§ **TASK DIRECTIONS**: The pictures are to be left out when the listing below is reproduced word for word.

§ **DATA PROVIDED**:
━━━━━━━━━━━━━━━━━━━━
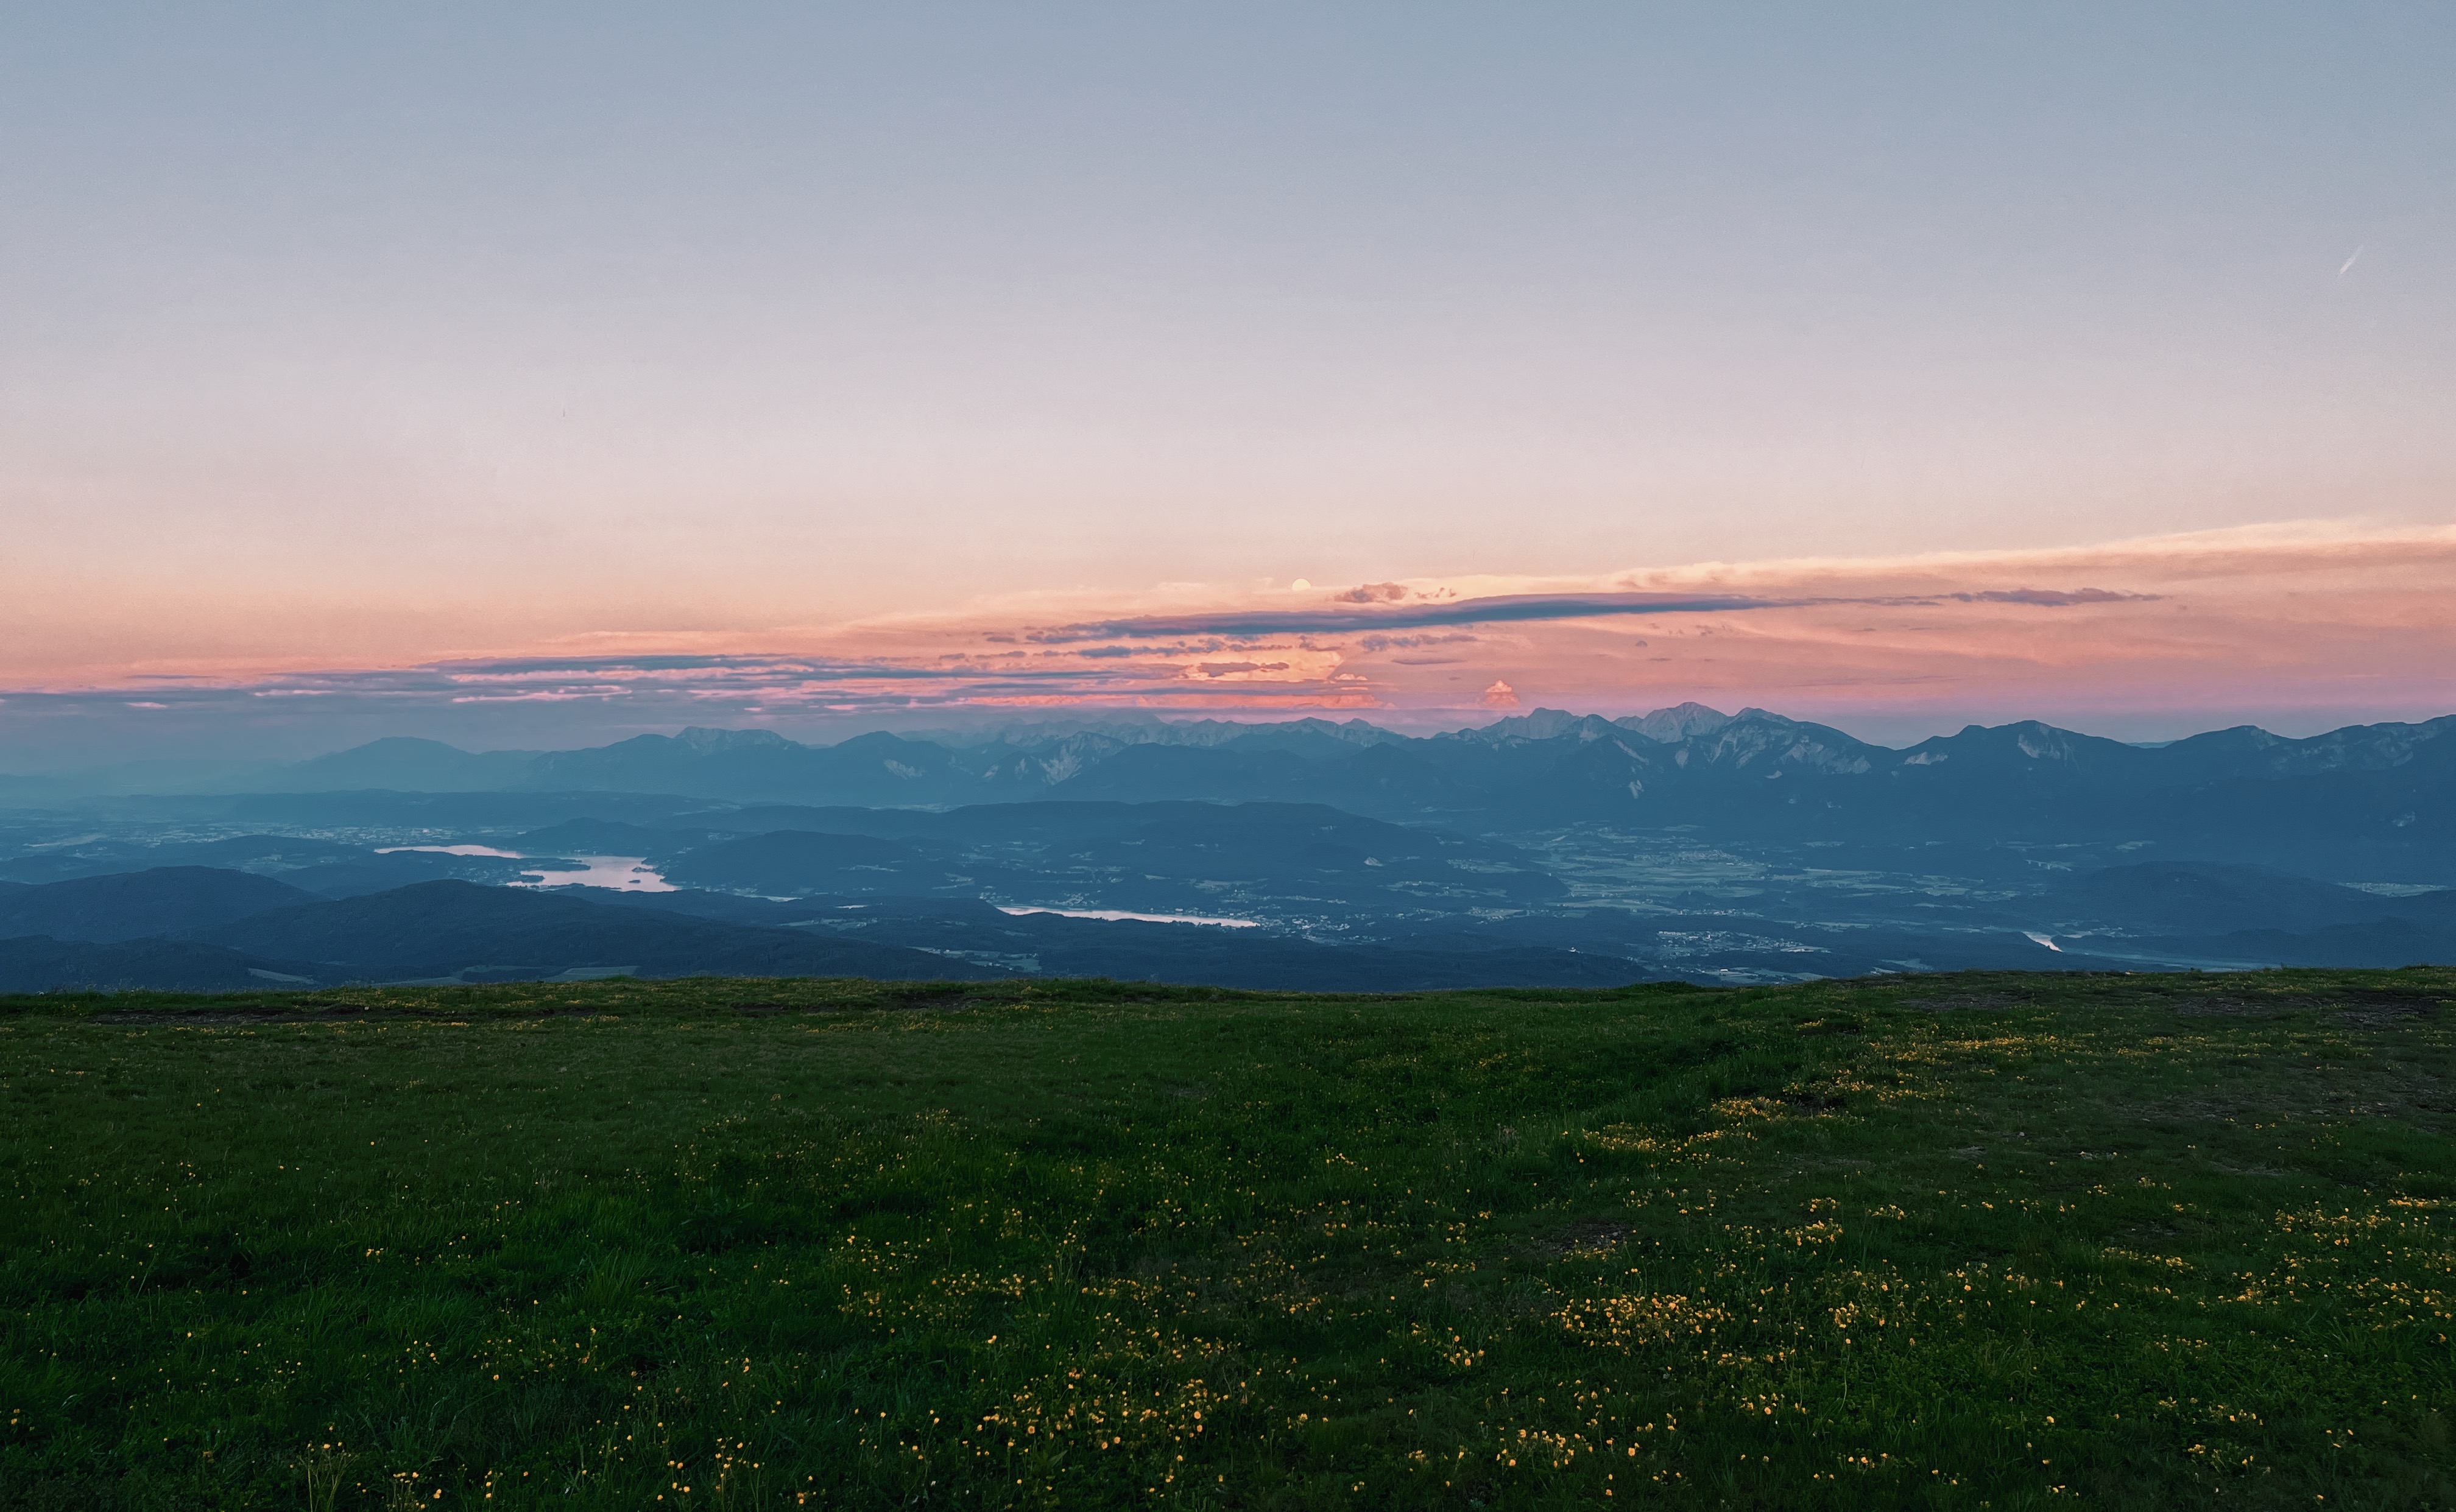 Sunset and moonrise from Gerlitzen Alpe in Austria on the Alpe Adria Trail, the best thru-hiking trail for beginners
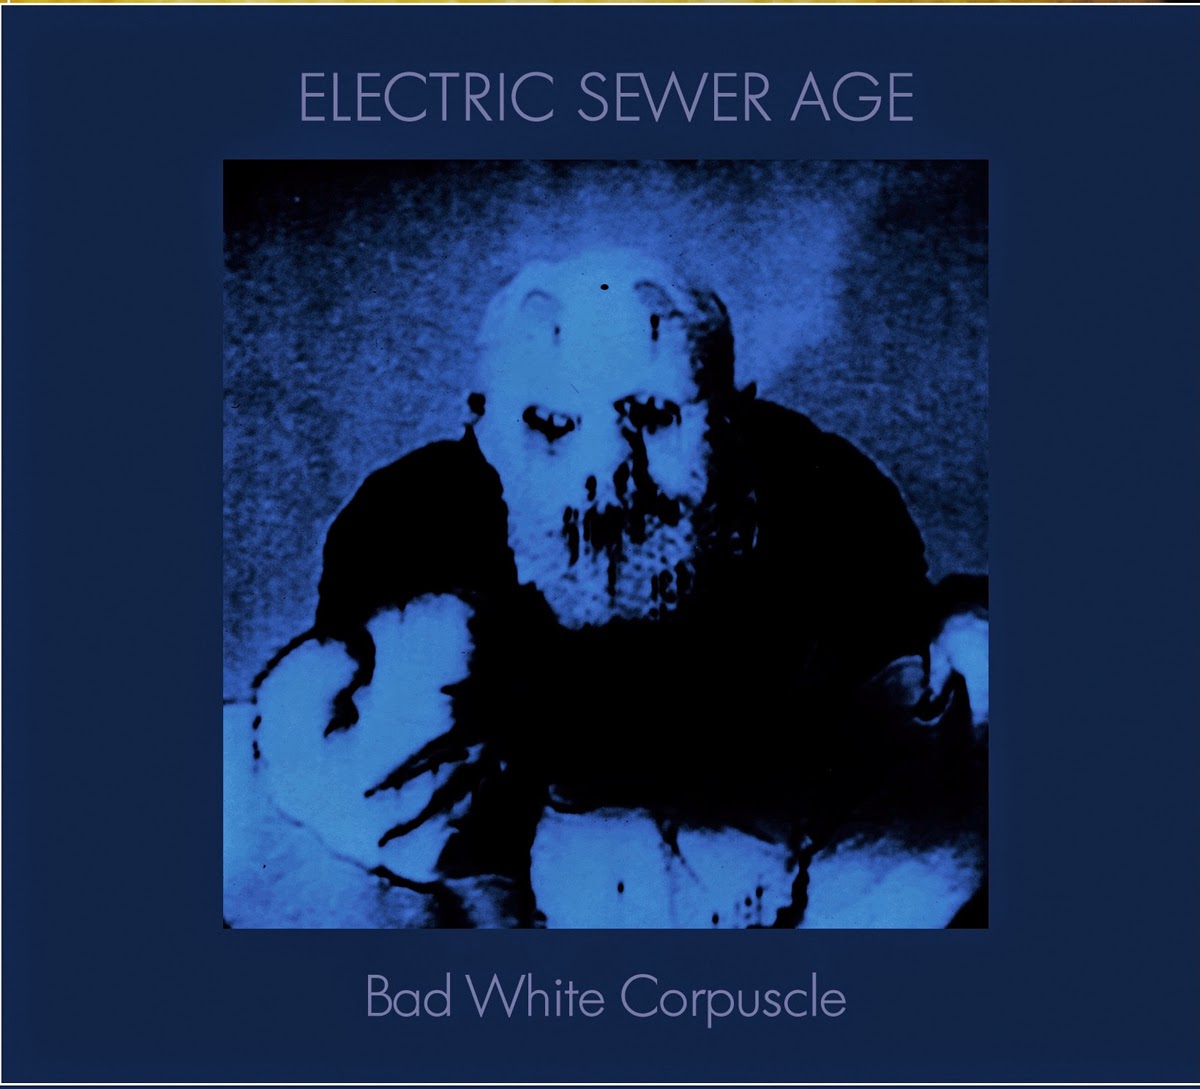 Electric Sewer age contemplating Nothingness. Bad age
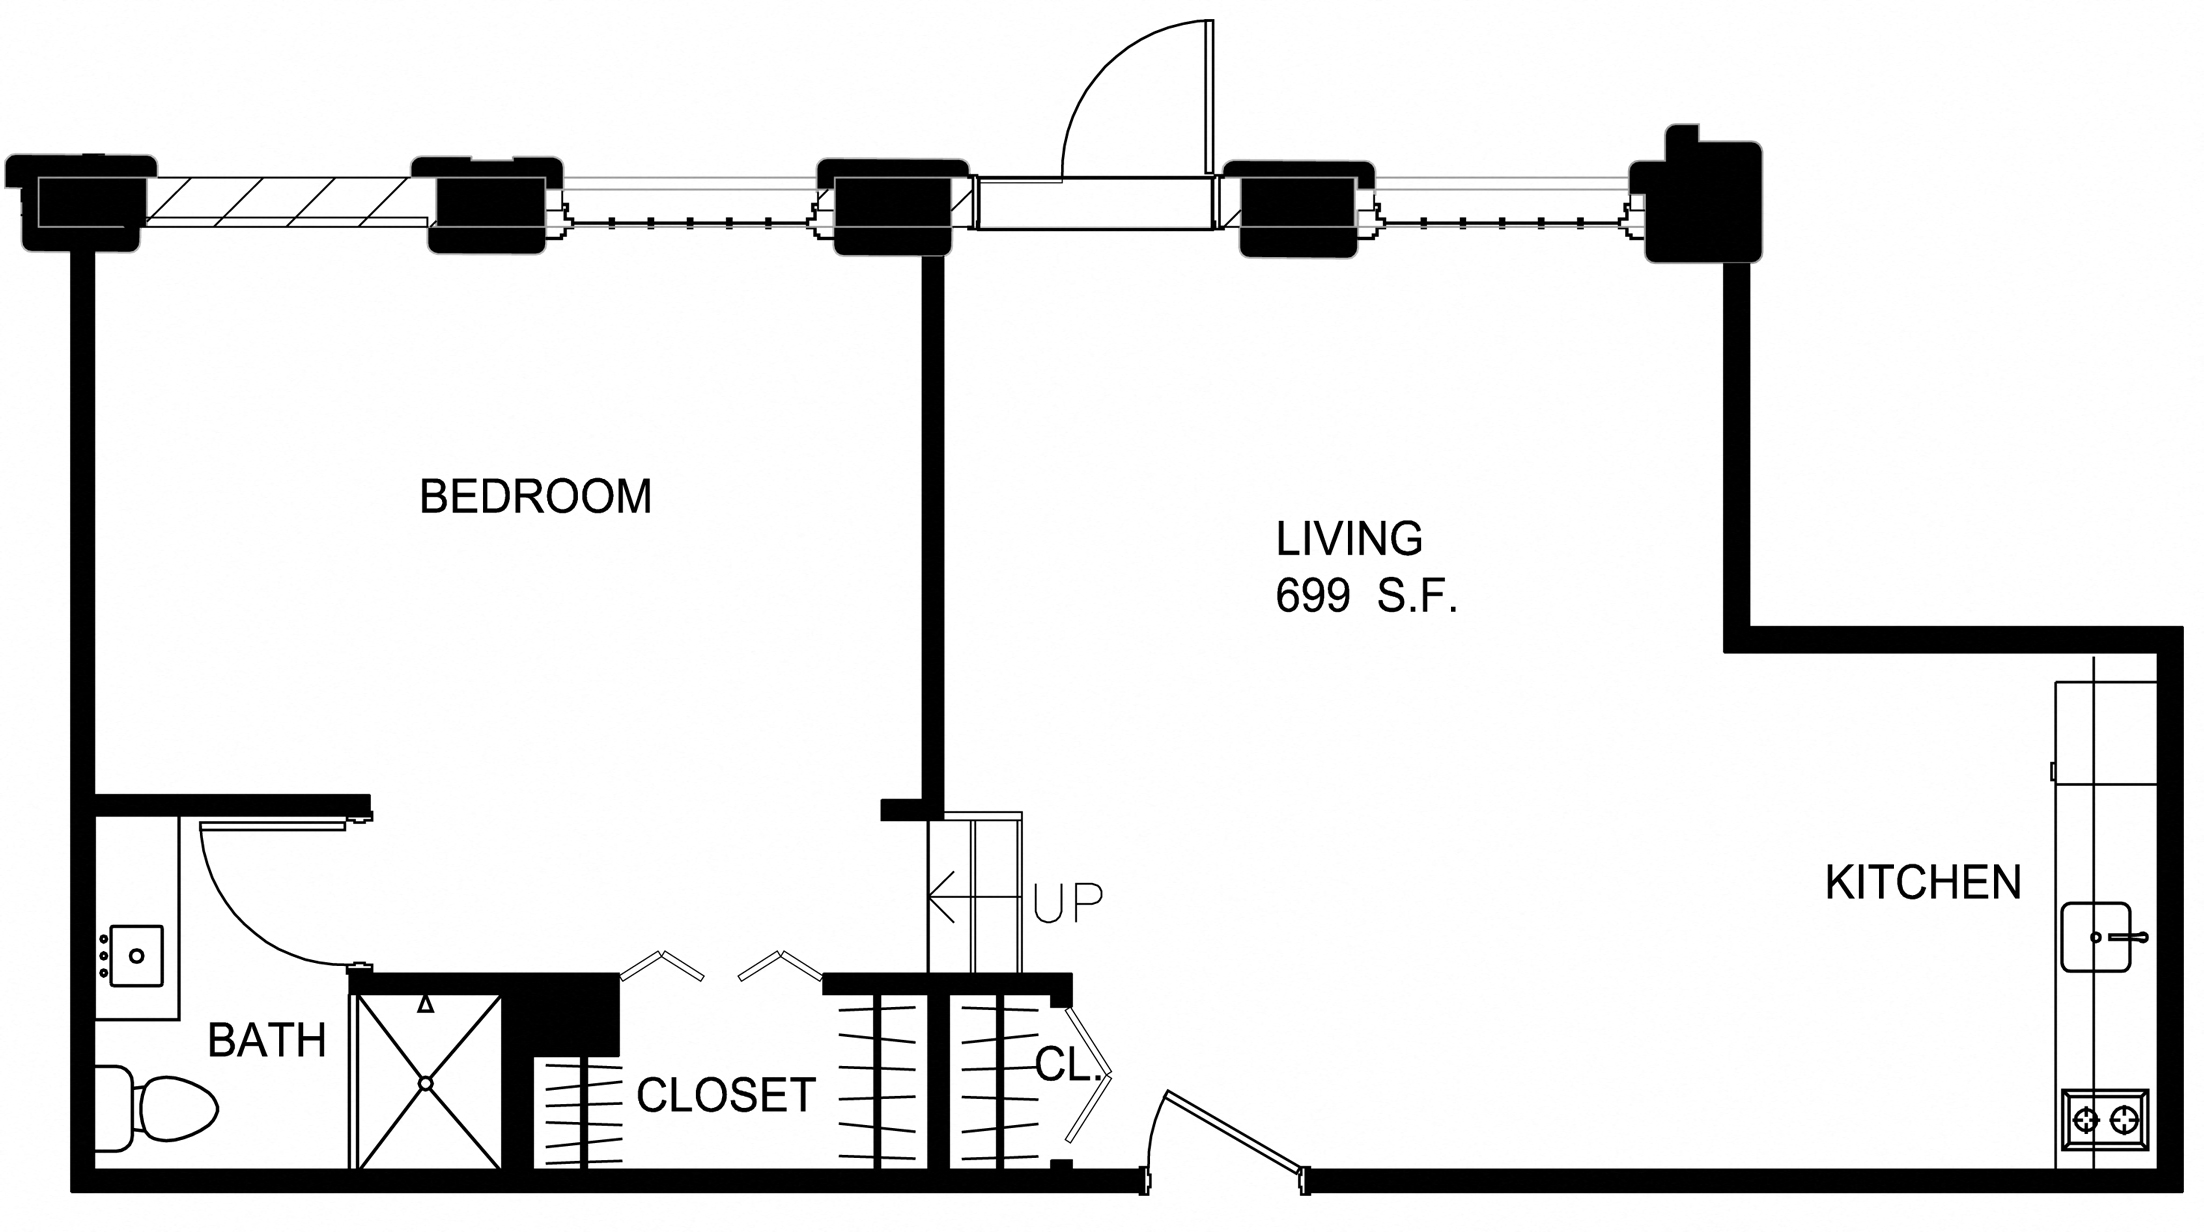 Floorplan for Apartment #S2112, 0 bedroom unit at Halstead Providence
━━━━━━━━━━━━━━━━━━━━
§ **REPLY TO THE EXERCISE**:
 Sunset and moonrise from Gerlitzen Alpe in Austria on the Alpe Adria Trail, the best thru-hiking trail for beginners
 Electric Sewer age contemplating Nothingness. Bad age
 Floorplan for Apartment #S2112, 0 bedroom unit at Halstead Providence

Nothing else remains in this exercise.